After the express train had passed the boy and the girl stepped back into the train and stood in front of the elderly couple. The old man started talking with them, asking where they were from. The two were shy at first, because no one talks to each other on trains in Tokyo, but their demeanor changed as it became clear to the four of them that they all came from the countryside, all from up north in “backward” Tohoku, the boy from Iwate, the girl from Miyagi, and the old man and woman from Fukushima. The old man let out of roar of laughter, folding his arms and nodding. “I’m just an old country bumpkin (“inakappe”) and don’t know anything about living in the big city. Just came here to attend my brother’s funeral, that’s all. And today I went downtown to look at the big electronics stores. And what are you two young uns doing here, anyhow?”

“Studying,” replied the girl, smiling shyly, completely different from the lover making out on the seat just ten minutes earlier.

They talked until the train arrived at the young couple’s station and they both made to leave. “Wait,” said the old man. “How’s the chewing gum on your butt?”

“We got most of it off,” said the girl.

“Lemme have a look,” said the old man, and he made to grab the boy’s buttocks.

“Dear! You don’t go around grabbing strangers’ butts! What will people think?”

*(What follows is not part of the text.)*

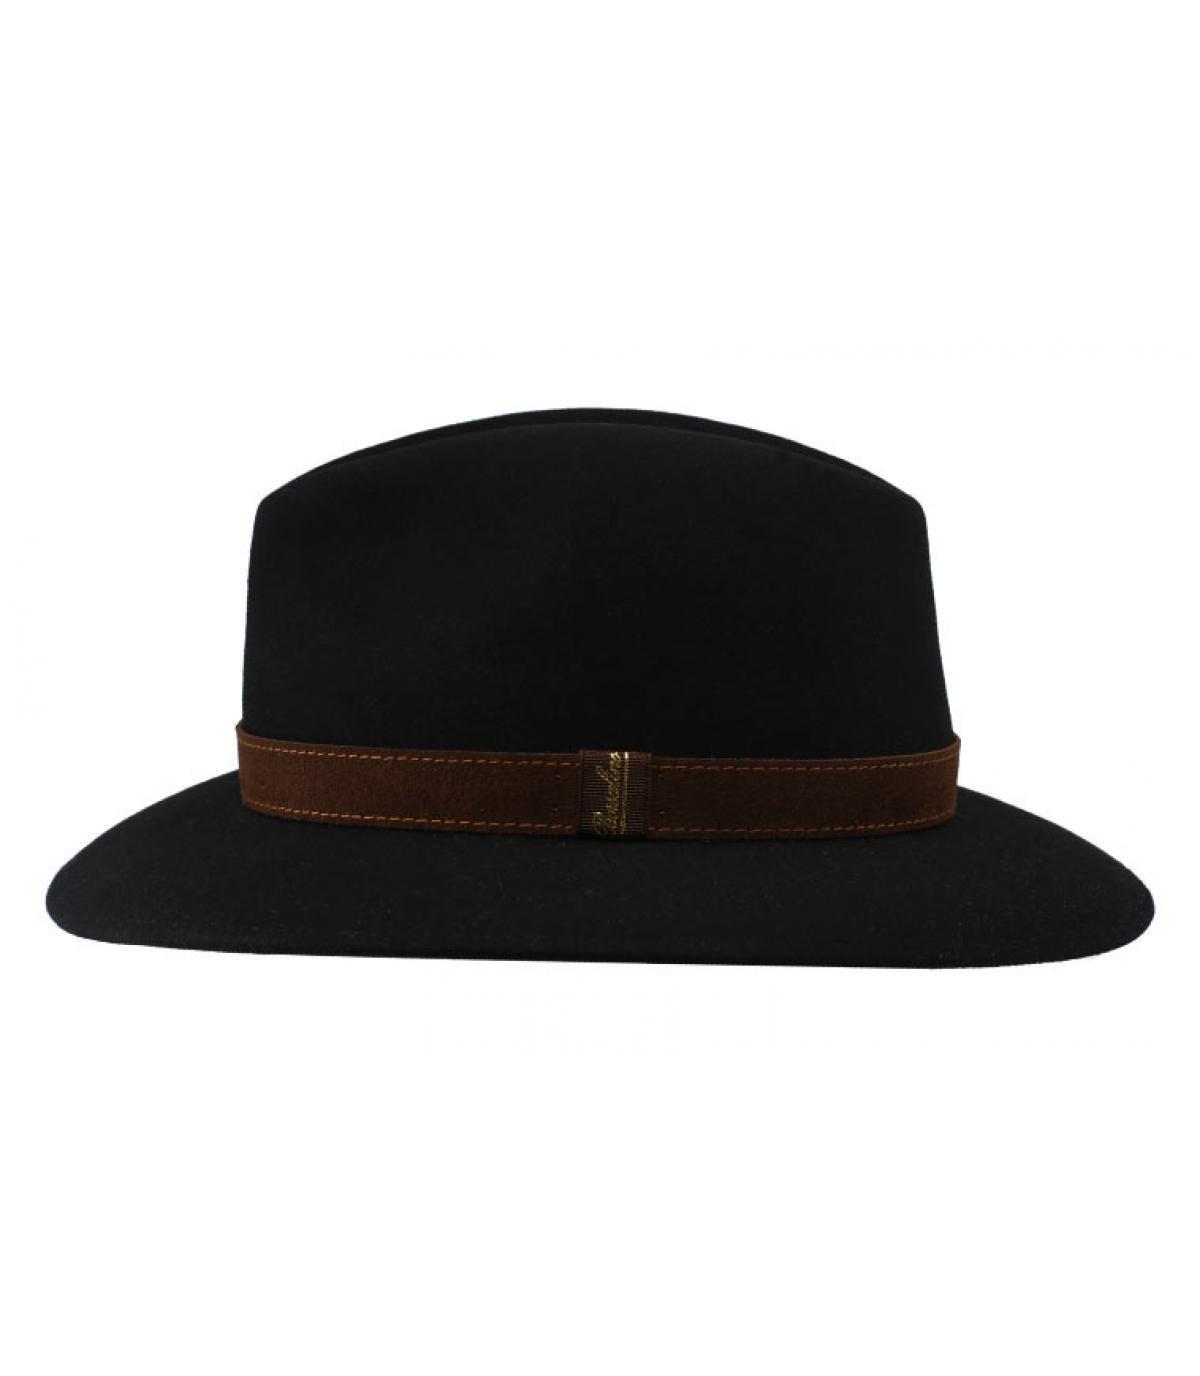 Détails Alessandria black Fur Flet Hat - image 2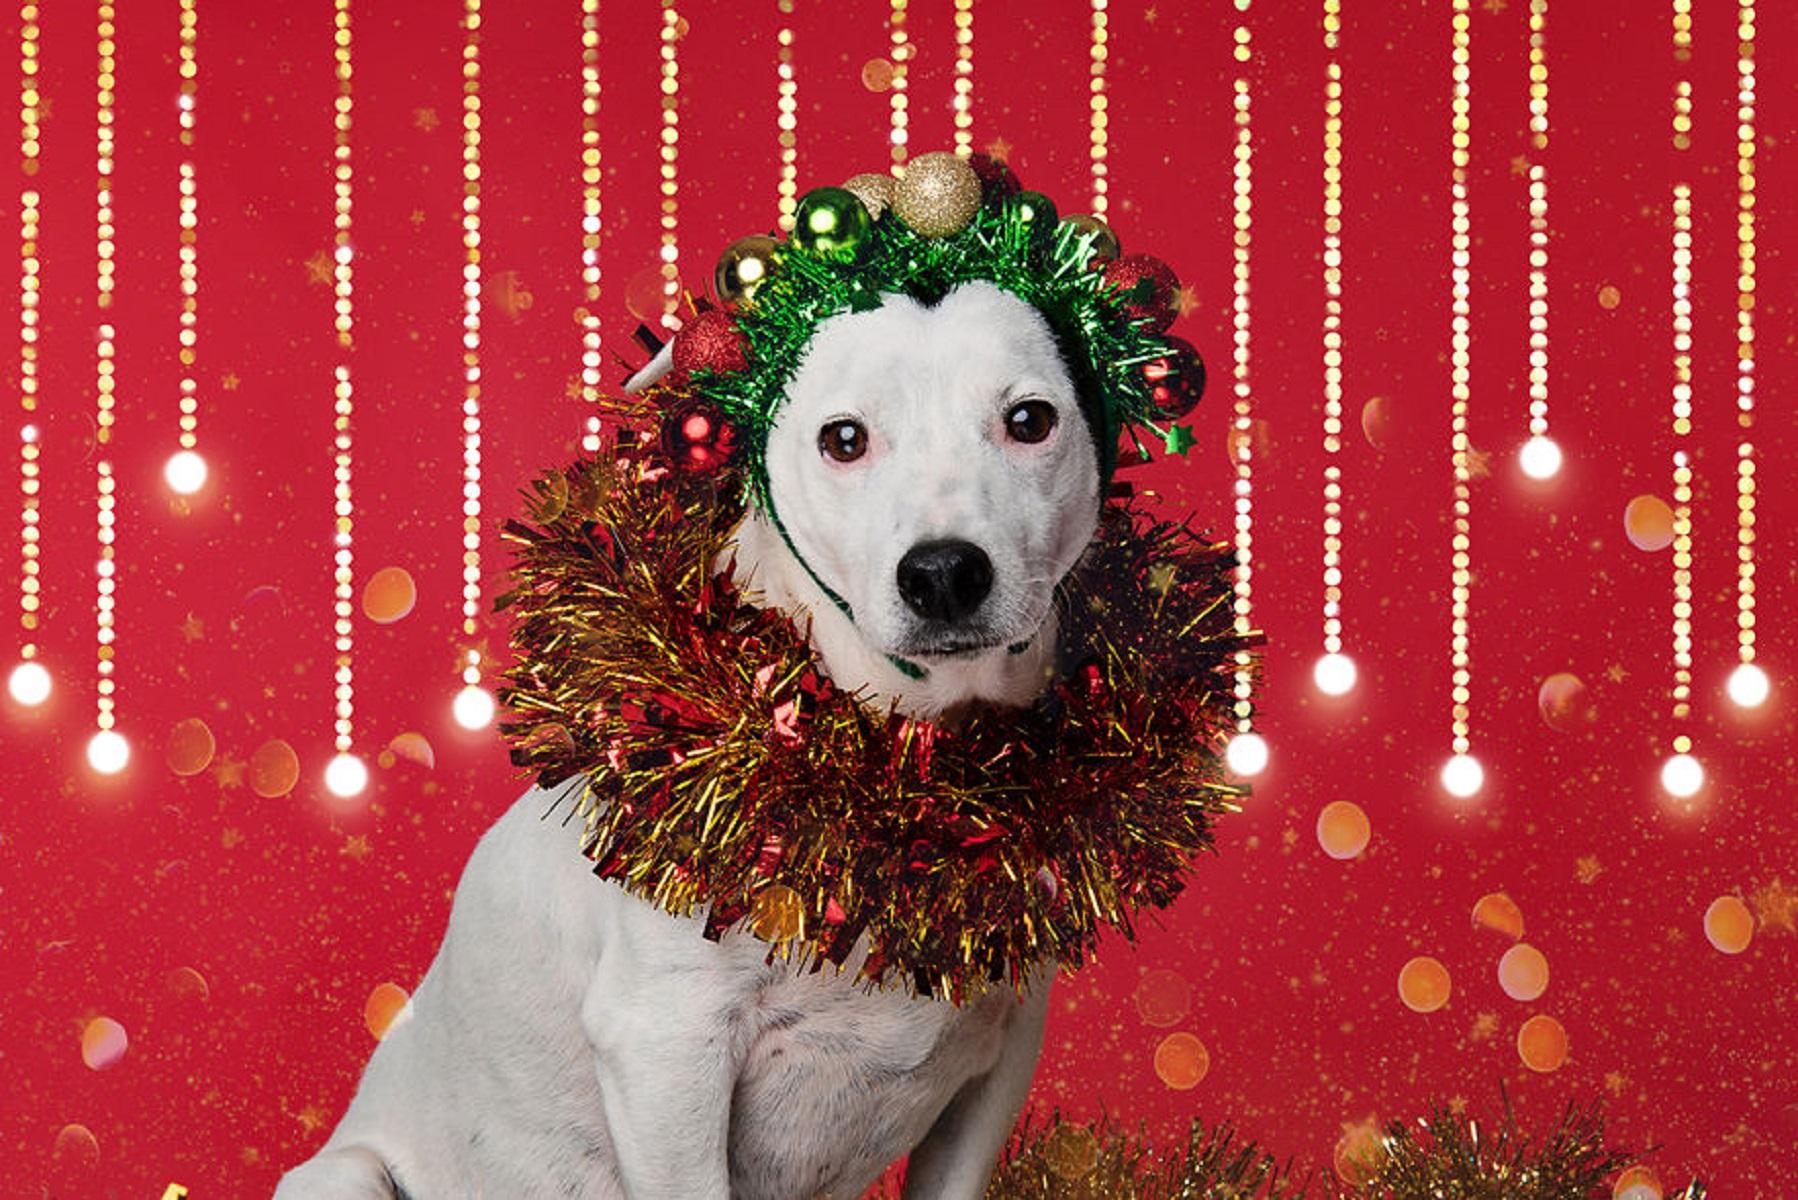 12 caes do Natal essa sessao de fotos natalinas vai te ajudar a entrar no espirito natalino 7

The girl hooted with laughter and the boy tried unsuccessfully batting the old man’s hand away while blushing red as a tomato. The old man’s wife managed to subdue her husband and let the young couple exit the train. They looked back, laughed, and waved good bye. I was sitting half a seat length away, barely able to keep from joining in the laughter. Everyone else peered down at their shoes or newspapers or cell phones, frowning, pretending they hadn’t witnessed a thing.

At the next station the elderly couple got off and fell behind as the train pulled away. The train fell silent again and I watched the rain hitting the window panes. But a warmth remained. A sense of a vital force having just passed through, like a fresh wind. I got off at my station and whistled as I walked home, in the dark.